Q ⁺ in the general formula (2) is a group containing a cationic group having at least one quaternary nitrogen atom, and is a straight chain or branched hydrocarbon chain having 1 to 4 carbon atoms. Through G, and part or all of this chain may form part of a heterocycle having a quaternary nitrogen atom. Preferred examples of Q ⁺ include trialkylammonium alkyl group, pyridinium-1-ylalkyl group,
1-alkylpyridinium-2-yl group, 1-alkylpyridinium-3-yl group, 1-alkylpyridinium-4-yl group, thiazolinium-3-ylalkyl group,
Examples thereof include an oxazolinium-3-ylalkyl group and a 1-alkylimidazolium-3-ylalkyl group. These groups may be substituted, and as the substituents, those mentioned as the substituents for R ₁ , R ₂ , R ₃ and R ₄ are preferable. Further, when these groups form a ring structure,
It may be condensed with another ring.

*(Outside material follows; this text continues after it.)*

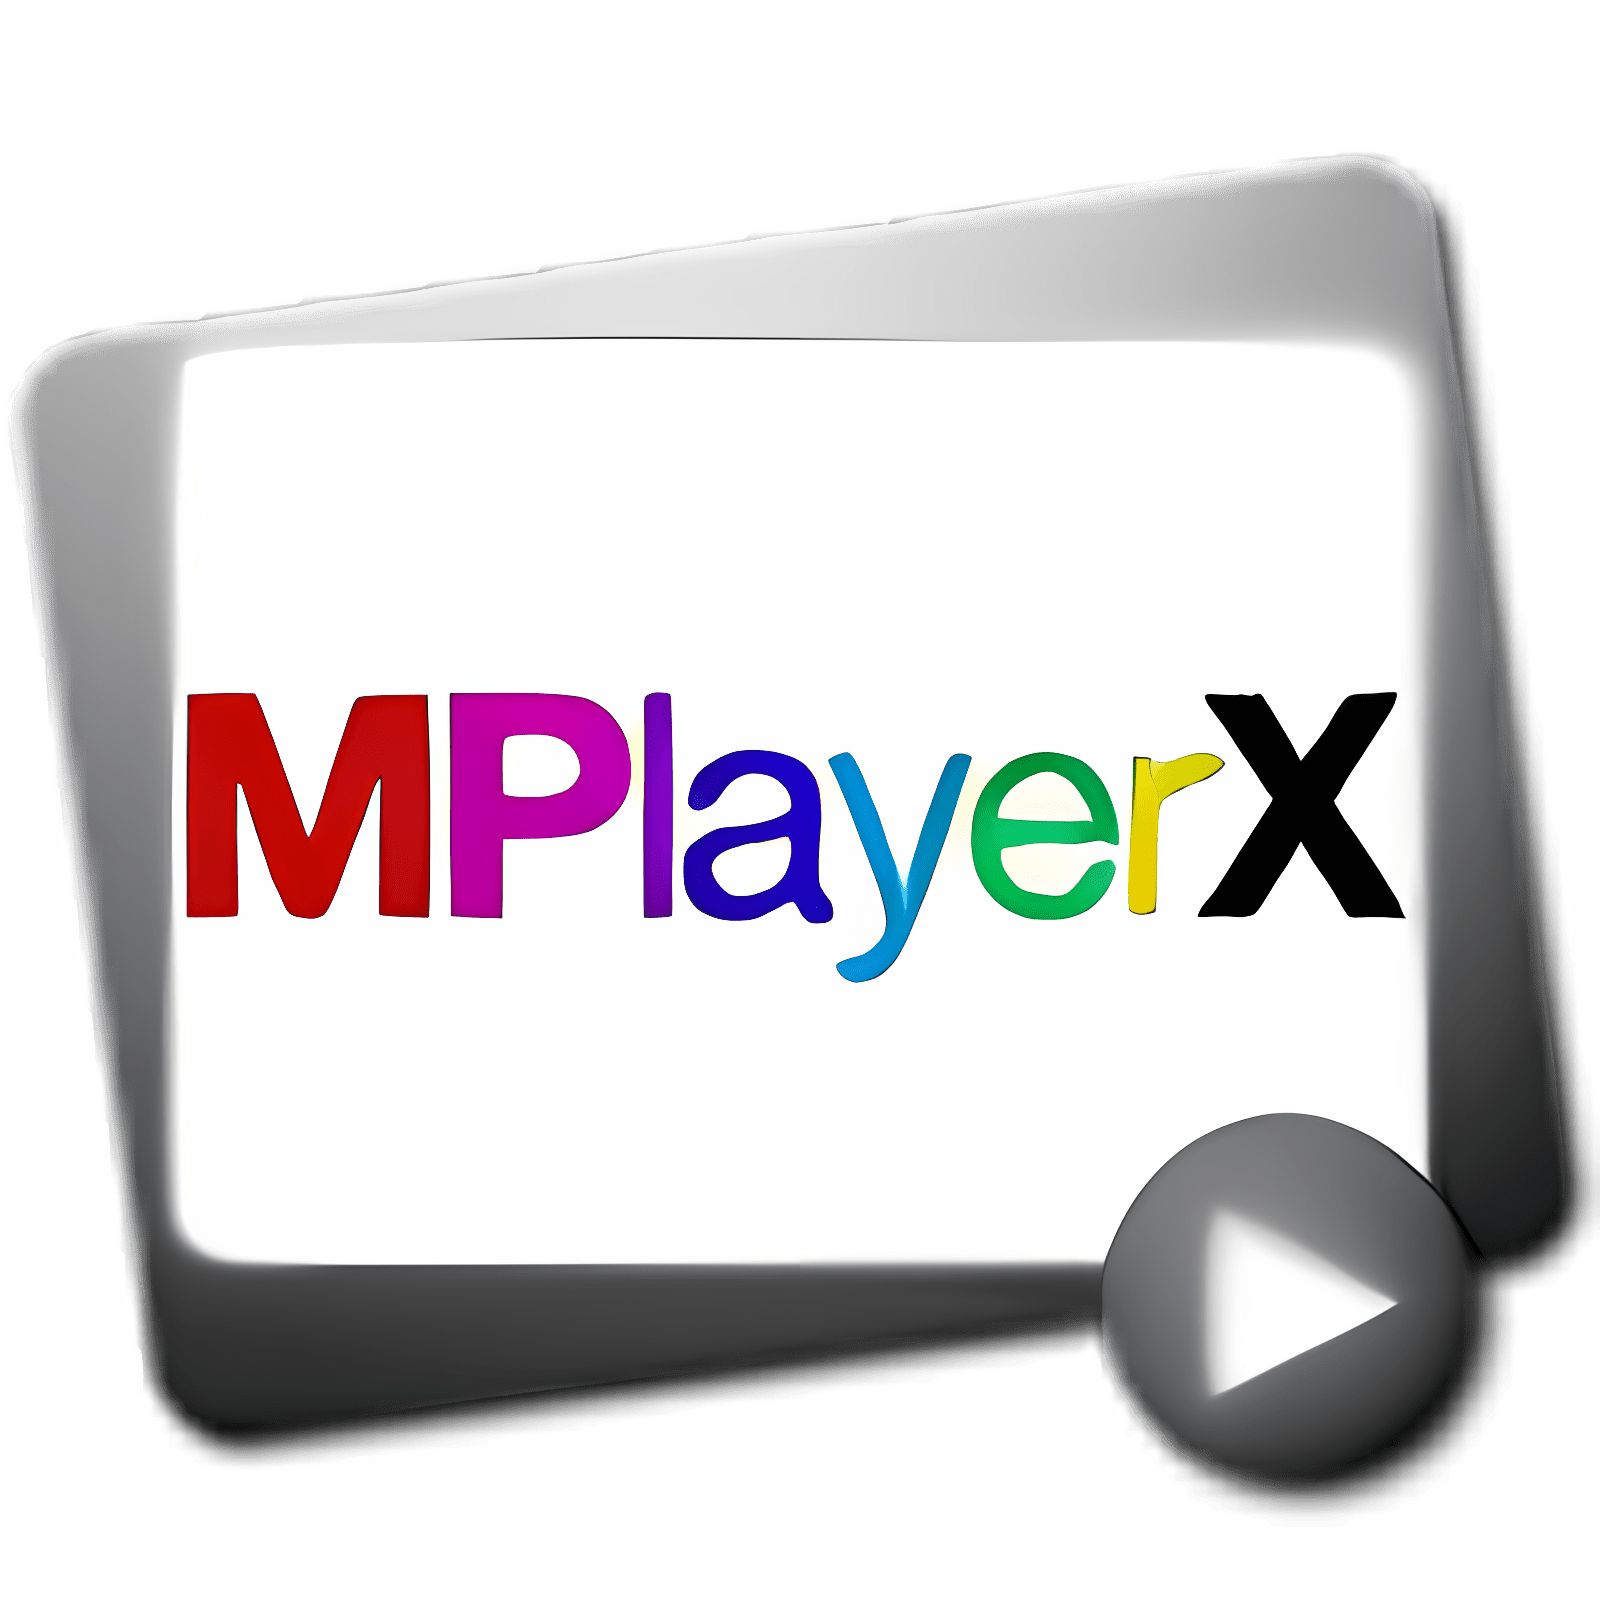 mplayerx download for mac
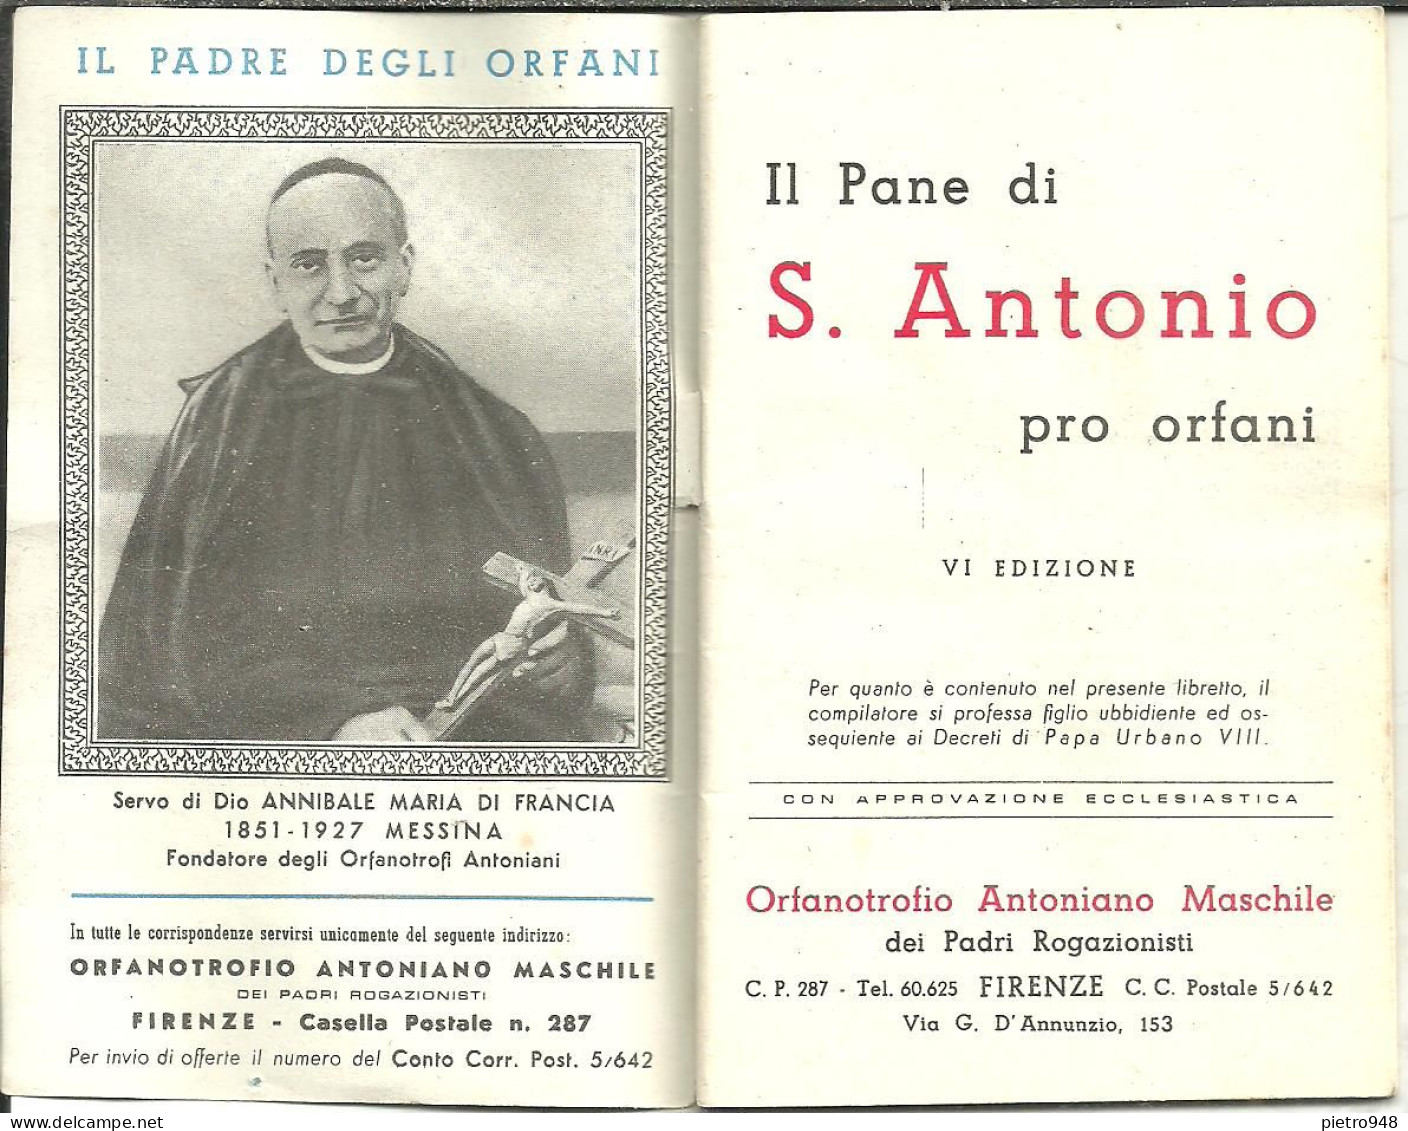 Libro (Libretto) Religioso, "Il Pane Di Sant'Antonio Pro Orfani", Orfanotrofio Antoniano Maschile, Firenze - Religion/ Spirituality

A ^- is a counter anion of Q ^+, Cl preferred examples ^-, Br -, ^{p-toluenesulfonate,} but like methyl sulfonate, having a sulfo group as a Q ⁺ substituents, inner salt Is not present when forming

[0008] The compounds used in the present invention are listed below, but the present invention is not limited thereto.

[0009]

Embedded image

[0010]

[Chemical 6]

[0011]

Embedded image

[0012]

Embedded image

The synthesis examples of the present invention will be described below. Synthesis Example 1 Synthesis of H-2 Synthesis of 1,3-dimethyl-2-chloro-1,3-imidazolinium chloride (intermediate A) 1,3-Dimethyl-equivalent to 50 ml of 1,2-dichloroethane
2-Imidazolidinone (10.00 g) was added, and oxalyl chloride (6.2 ml) was added dropwise at room temperature over 15 minutes. Later 8
Heat at 0 ° C. for 4 hours. After standing to cool, the crystallized product was filtered off
-Washing with dichloroethane gave 6.75 g of the desired product.
To 160 ml of N, N-dimethylformamide was added 6.75 g of the intermediate A, and the mixture was stirred at room temperature.
80 ml of dimethylformamide and 2- [4- (3-aminobenzenesulfonamide) phenyl] -1- (3-diethylaminopropyloxamoyl) hydrazine 21.
92 g of the mixed solution was added dropwise. After stirring at room temperature for 30 minutes, the mixture was concentrated under reduced pressure and 5% sodium hydrogen carbonate solution 135 m
1 was added and the mixture was heated at 60 ° C. Chloroform (135 ml) was added, the chloroform layer was extracted, dried over magnesium sulfate, concentrated under reduced pressure, and purified by silica gel chromatography to obtain 10.79 g of a candy-like target product.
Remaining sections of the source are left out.